What is our proper relationship with animals? Do we own them? Should we eat them? The human/animal relationship is an ethically ambiguous one, and neither the law nor the democratic model of individual rights has yet managed to get it quite right. The notion that animals are mere property rings false: Even to the least pet-friendly among us, it’s obvious that animals are capable of experience, suffering, and, in some circumstances, love. But can we ignore the fact that they are also furry, speechless beings that are routinely bred, bought, and sold en masse as a source of food, labor, or, if they’re lucky, companionship?

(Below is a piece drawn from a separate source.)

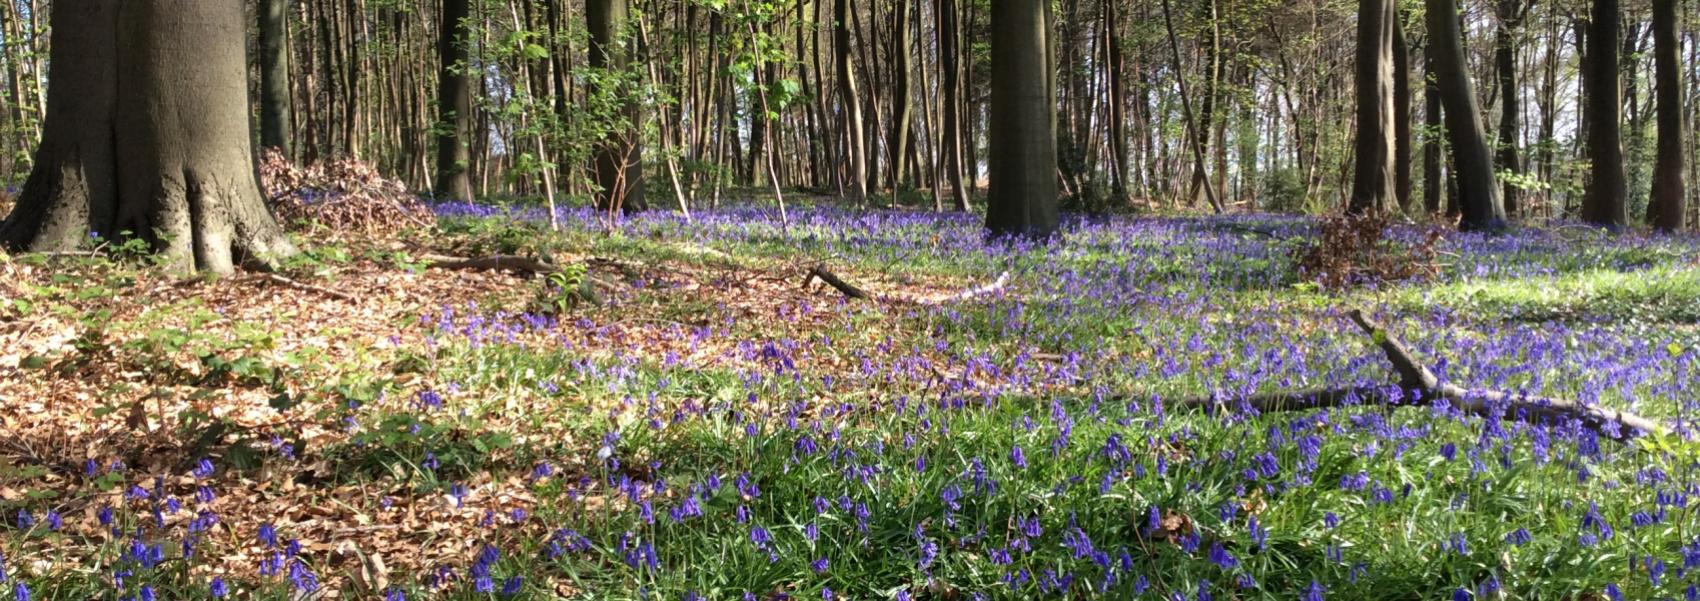 paarse bloemenweide in het bos

Whatever our rapport with the animal kingdom ought to be, most people would agree that it shouldn’t resemble an affair known as the Enumclaw Horse-Sex Incident, in which a Boeing engineer named Kenneth Pinyan died of a perforated colon after having sex with a stallion. Yet Zoo, a new semidocumentary film directed by Robinson Devor (The Woman Chaser, Police Beat) manages to take this tabloid-ready incident and turn it into a lyrical reflection on nature and longing. You walk into Zoo bracing yourself for “extreme” imagery (a graphic videotape of the real-life sex act circulated widely on the Internet after this story broke in 2005). But this footage of human/equine sex is only obliquely glimpsed at one moment, late in the film. Instead, Devor focuses on the lives of a collective of zoophilic men, including Pinyan, who found one another online in the early 2000s and began meeting at a farm in rural Washington state for communal weekends that were almost like family gatherings: “[O]ne Thanksgiving, we made a turkey anda ham,” an interviewee recalls fondly. Then, presumably, they went out to the barn and filmed each other being mounted by horses. And I thought my family was weird.

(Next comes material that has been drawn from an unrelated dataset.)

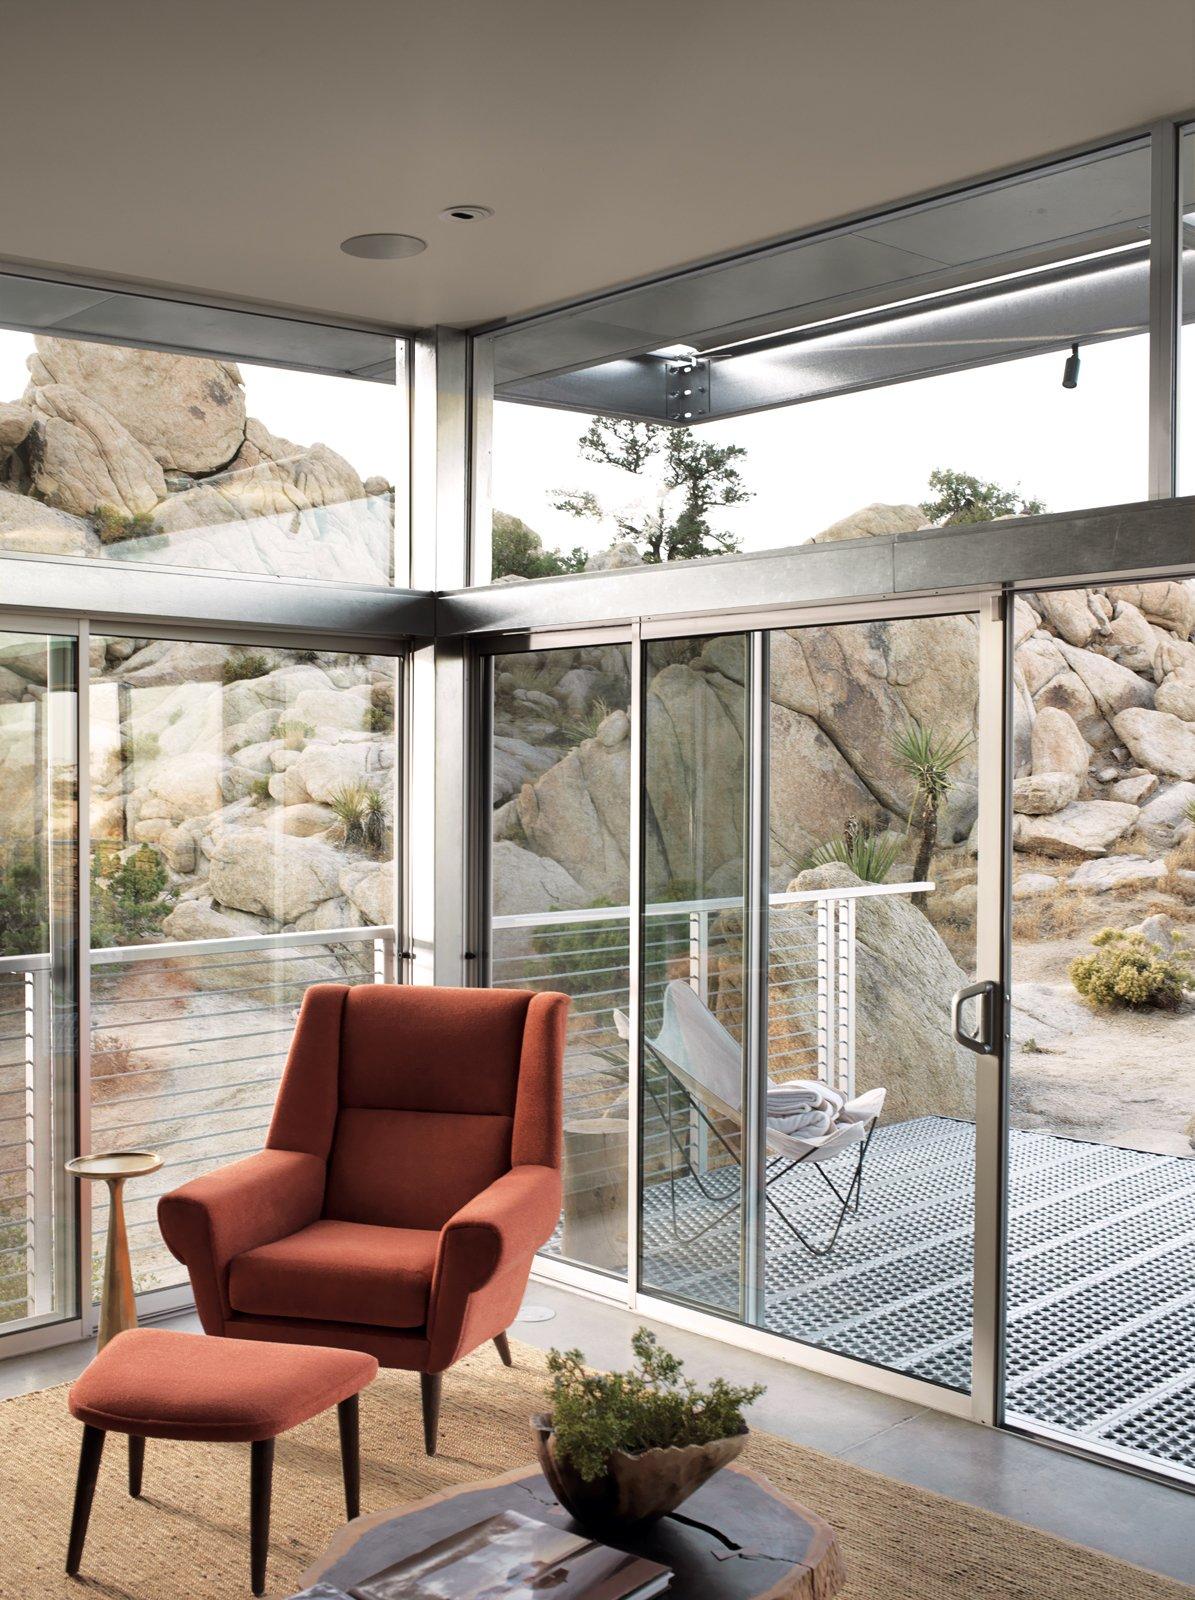 #seatingdesign #interior #inside #indoor #window #glass #landscape #PalmSprings #DavidChair #ottoman #ChristopherKennedy #California #green #ecofriendly  100+ Best Modern Seating Designs

In a culture where NAMBLA is a familiar (if reviled) household name and incest the salacious secret at the heart of countless Lifetime movies-of-the-week, bestiality remains one of the last truly unspeakable frontiers of aberration. Many of the subjects Devor interviewed refused to appear on camera, but at least two brave souls—a member of the zoophilia group who goes by the name Coyote, and Jenny Edwards, the horse rescuer who came to remove the stallion after Pinyan’s death—agreed to show their faces. Other members of the zoophile group, including Pinyan himself (who was known to his fellow “zoos” only by his pseudonym, Mr. Hands) are played by actors in surprisingly noncheesy re-enactments (think Errol Morris, not America’s Most Wanted). The men blend mixed drinks and watch old footage of the moon landing on TV; they seem like odd, lonely people, ill-suited for human interaction, perhaps, but far from evil or insane.

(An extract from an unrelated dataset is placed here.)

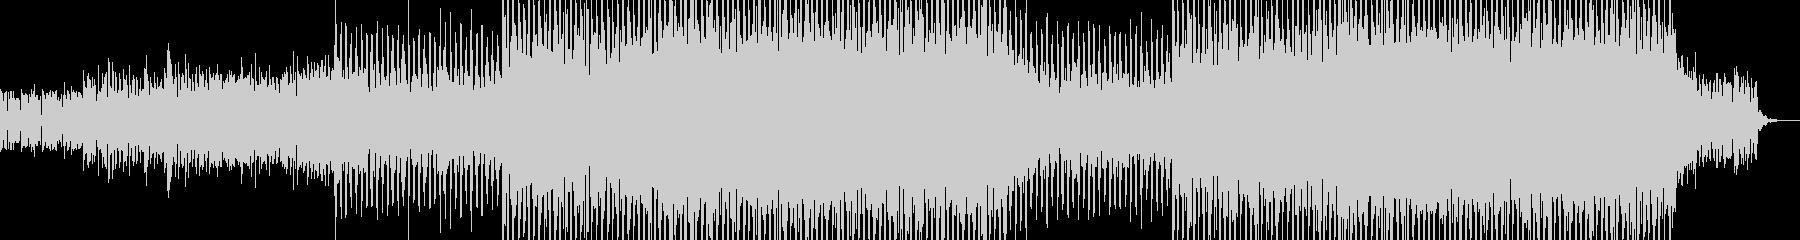 EDMポップで明るいクラブ系-19の未再生の波形
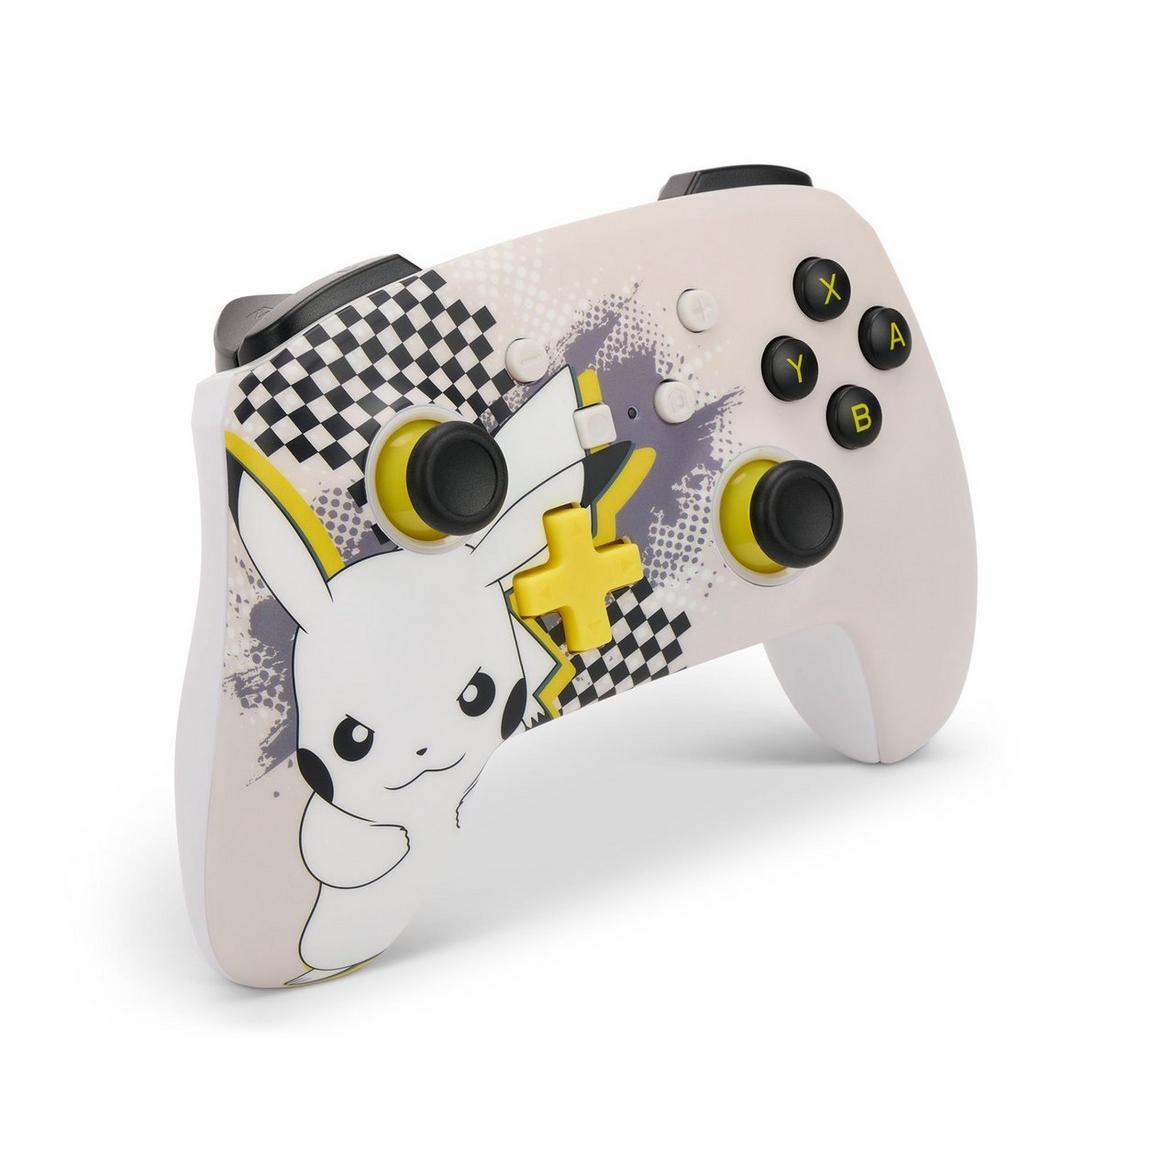 PowerA-Pro-Wireless-Controller-for-Nintendo-Switch---Pikachu?$pdp2x$

Devor, who cites Tarkovsky and Resnais among his influences, eschews the conventional talking-head interview in favor of an allusive, poetic visual style, layering voiceover with Paul Matthew Moore’s moody (if occasionally intrusive) piano score and gorgeous 16 mm images of the landscape around Enumclaw: ripe blackberries on the vine, apple orchards at night, an empty stable. It would have been easy to focus on the eroticism of horses, who, let’s face it, are beautiful creatures to look at even for the nonzoophilically inclined, but Devor shows the animals only sparingly. For him, what’s most interesting is what the horses represent to the men who (gulp) love them: the wildness and purity of nature itself.

“It has no idea who Tolstoy is,” observes one zoophile, trying to explain the appeal of “mammal-to-mammal” communication. “It’s not going to ask you about the latest Madonna album. … [I]t has its own world, a very simple, plain world.” This ode to the simplicity and innocence of animals will resonate with anyone who’s ever confided in their dog. But the obvious rejoinder is, doesn’t sexualizing the animal then violate and exploit that very innocence? Not according to the zoos, one of whom characterizes horses as “intelligent beings” that are “happy to participate. “They’re hittin’ on you,” declares another, in a shifting of responsibility that can’t help but recall the defensive protestations of some pedophiles. Then again, as Rush Limbaugh notes in a strangely decontextualized excerpt from his radio show, it would be hard to construe the stallion in the Enumclaw video as anything but consenting. The question of whether animals can consent to sex with humans is a tricky one; it might be more accurate to say that, given their instinctual drives, they can’t not consent, which may represent just as much of a deprivation of liberty. But what does liberty mean for a horse?

Because bestiality wasn’t illegal in Washington state at the time of the incident, no charges were filed against the surviving members of the Enumclaw group. But since (and because of) Pinyan’s death, new laws have been enacted making sex with animals a felony in the state. Zoo is hardly a brief on behalf of the practice, but it does treat those who engage in it as something more than just contemptible freaks. Jenny Edwards, the animal worker who rescued Strut the stallion from his sexual bondage (only to have him gelded that very night) ends the movie with a reflection on zoophilia that viewers of Zoo may come to share: “I don’t know how I feel about that, but I’m right on the edge of being able to understand it.”